How­ever, Pierre Bezuiden­hout from labour union Uasa said con­trac­tors had held a cel­e­bra­tion on the site when Unit 6 was com­mis­sioned in early March. Work­ers were fu­ri­ous they hadn’t been in­vited or given their own cel­e­bra­tions and a ru­mour spread that the con­trac­tors were get­ting the bonuses. The de­mand for this bonus has now been re­jected. Another griev­ance brought by the work­ers was that Asians were be­ing used to do weld­ing and boil­er­mak­ing, both jobs that lo­cal work­ers had been trained to do.

Robin­sons said only a few Numsa mem­bers had been in­volved in the strikes that turned vi­o­lent be­tween March and May.

But he ad­mit­ted that many of the peo­ple who burnt buses and bar­ri­caded the road to the con­struc­tion site had worn bal­a­clavas to hide their iden­ti­ties. He said 40 of the 1 400 iden­ti­fied were Uasa mem­bers.

The Numsa of­fi­cial who asked not to be named con­firmed later it was al­most im­pos­si­ble to iden­tify Numsa mem­bers in a crowd.
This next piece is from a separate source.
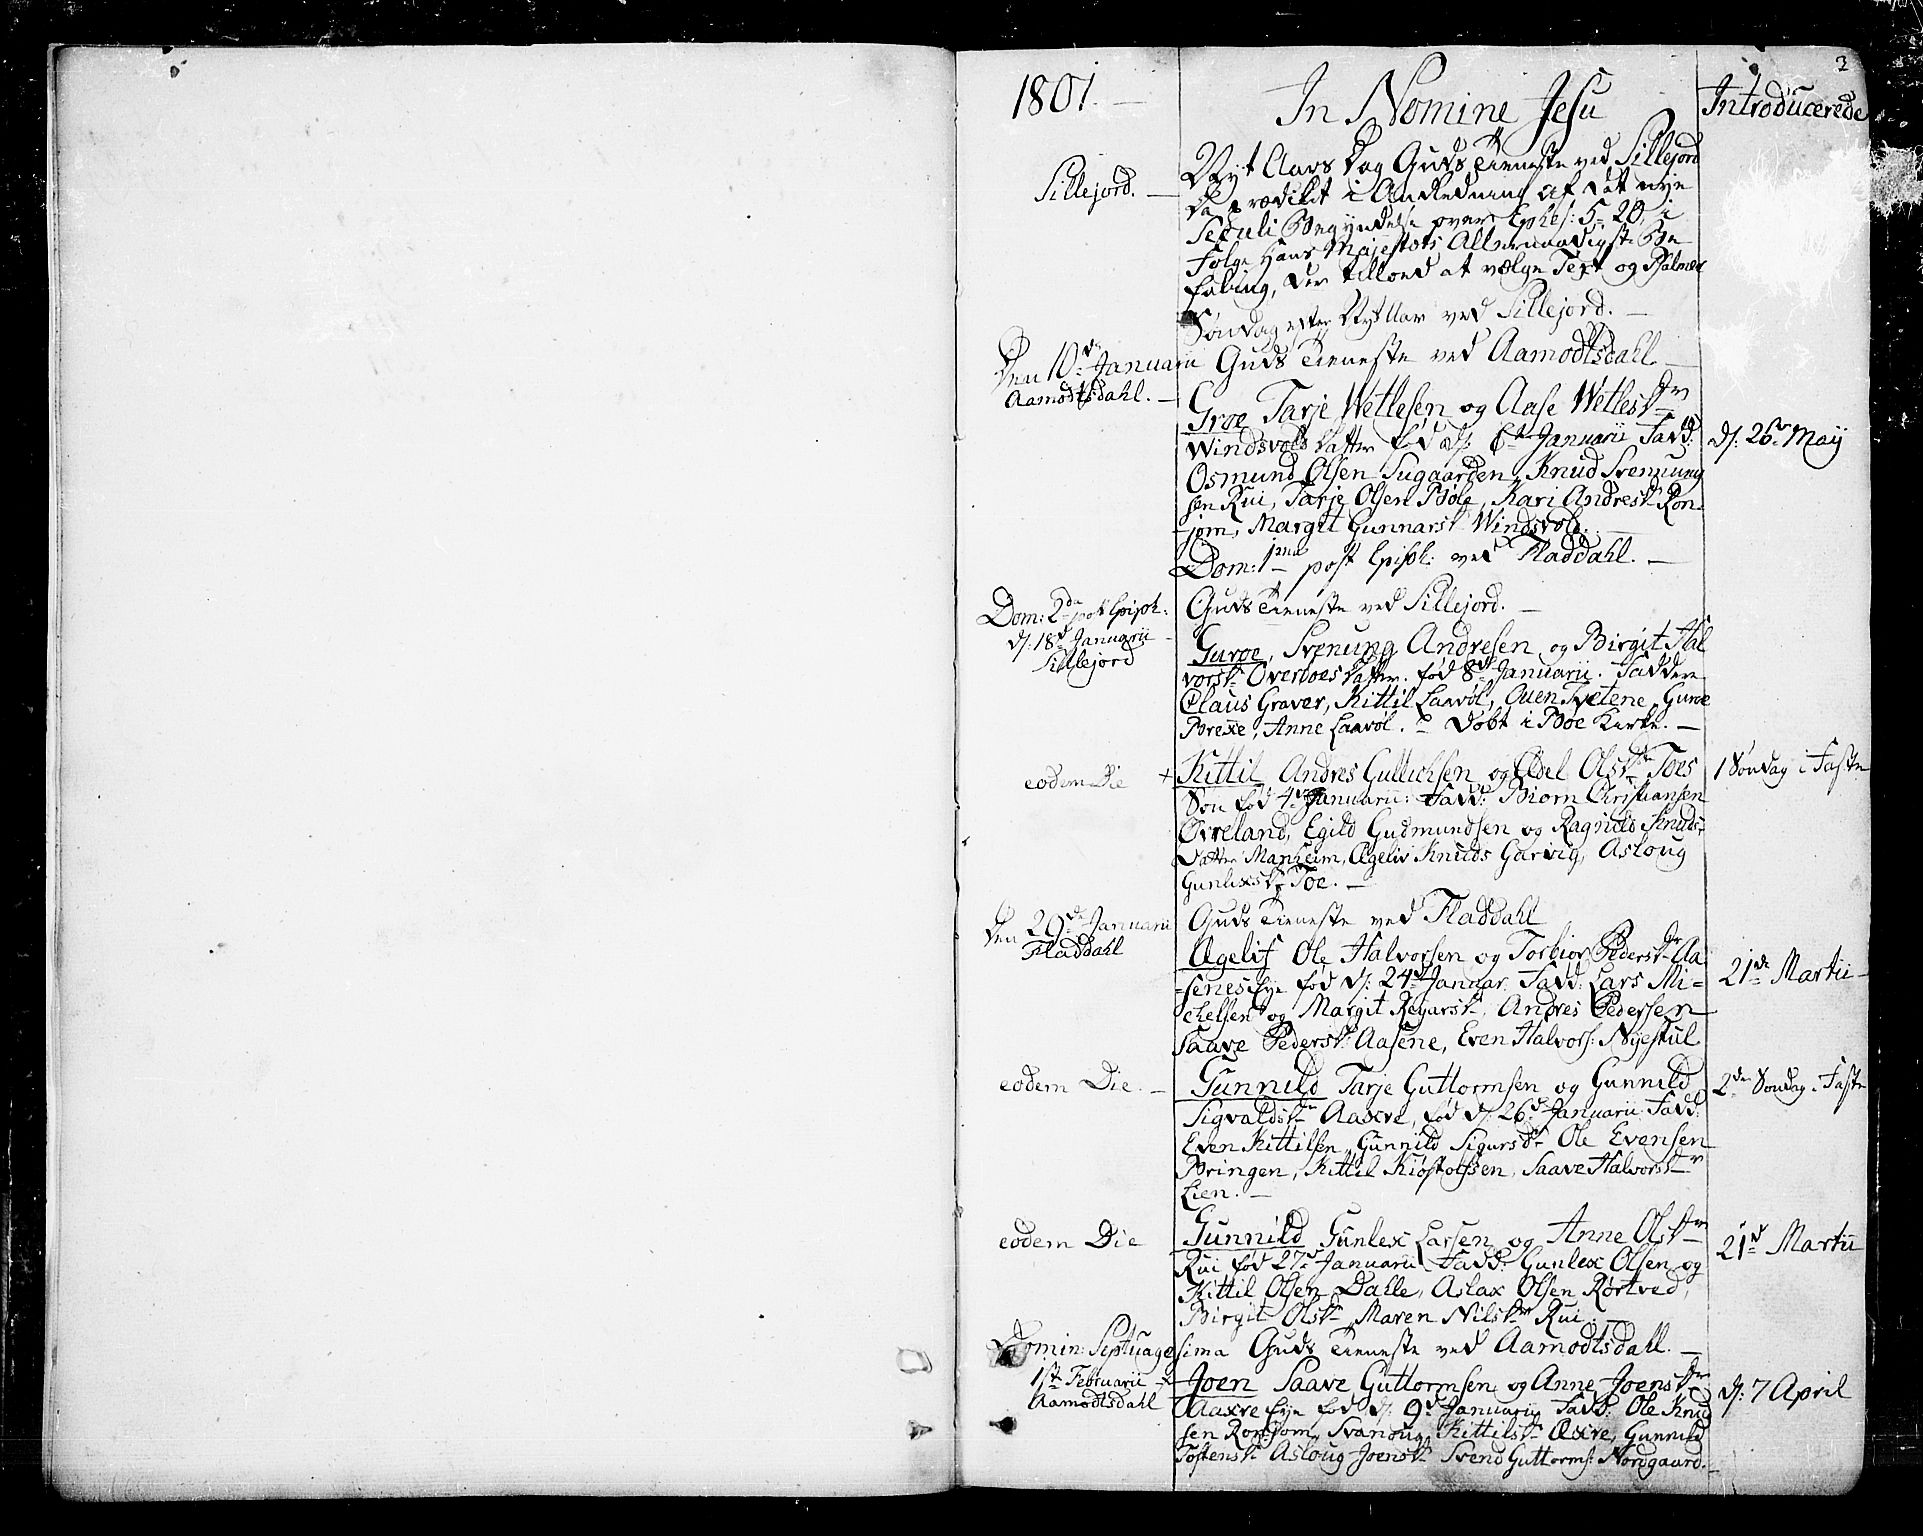 SAKO, Seljord kirkebøker, F/Fa/L0009: Ministerialbok nr. I 9, 1801-1814, s. 3

“If we are sure they are Numsa mem­bers, our jobs would be a bit eas­ier,” he said.

Part of the prob­lem was that there were too many unions, he said, and work­ers con­stantly changed al­liances if they felt their de­mands weren’t be­ing met.

There had been al­most no pos­si­bil­ity of rea­son­ing with the out-of-con­trol mob at the time the vi­o­lence broke out. Robin­sons said many of those in­volved were drunk or high – some prob­a­bly even on the no­to­ri­ous heroin-based drug nyaope, he al­leged.

One en­gage­ment Numsa of­fi­cials had had with mem­bers dur­ing the strike ended in fury as the crowd re­jected the agree­ments achieved be­tween its lead­er­ship and con­trac­tors. The Numsa of­fi­cial said he be­lieved the rejection started with a “few in­di­vid­u­als” who were not mem­bers of Numsa.

In Novem­ber, for ex­am­ple, a ma­jor fall­out be­tween work­ers and the lead­er­ship caused dis­gusted Numsa mem­bers to leave the union in droves and form the Lib­er­ated Me­tal­work­ers’ Union of SA.

The new union’s web­site says the Numsa lead­er­ship “op­por­tunis­ti­cally im­posed its will over that union through var­i­ous forms of despotic ma­nip­u­la­tion”.

Ac­cord­ing to the Numsa of­fi­cial, one ma­jor rea­son for the un­hap­pi­ness among mem­bers was their lack of ed­u­ca­tion and un­der­stand­ing of the prob­lems, and of the agree­ments the union had made with con­trac­tors and Eskom. “Some of us didn’t go to school to the high­est level; em­ploy­ees don’t un­der­stand,” he said.

How­ever, de­spite the ev­i­dent fric­tion in the union, the of­fi­cial said the Numsa lead­er­ship had not lost con­trol of its mem­bers.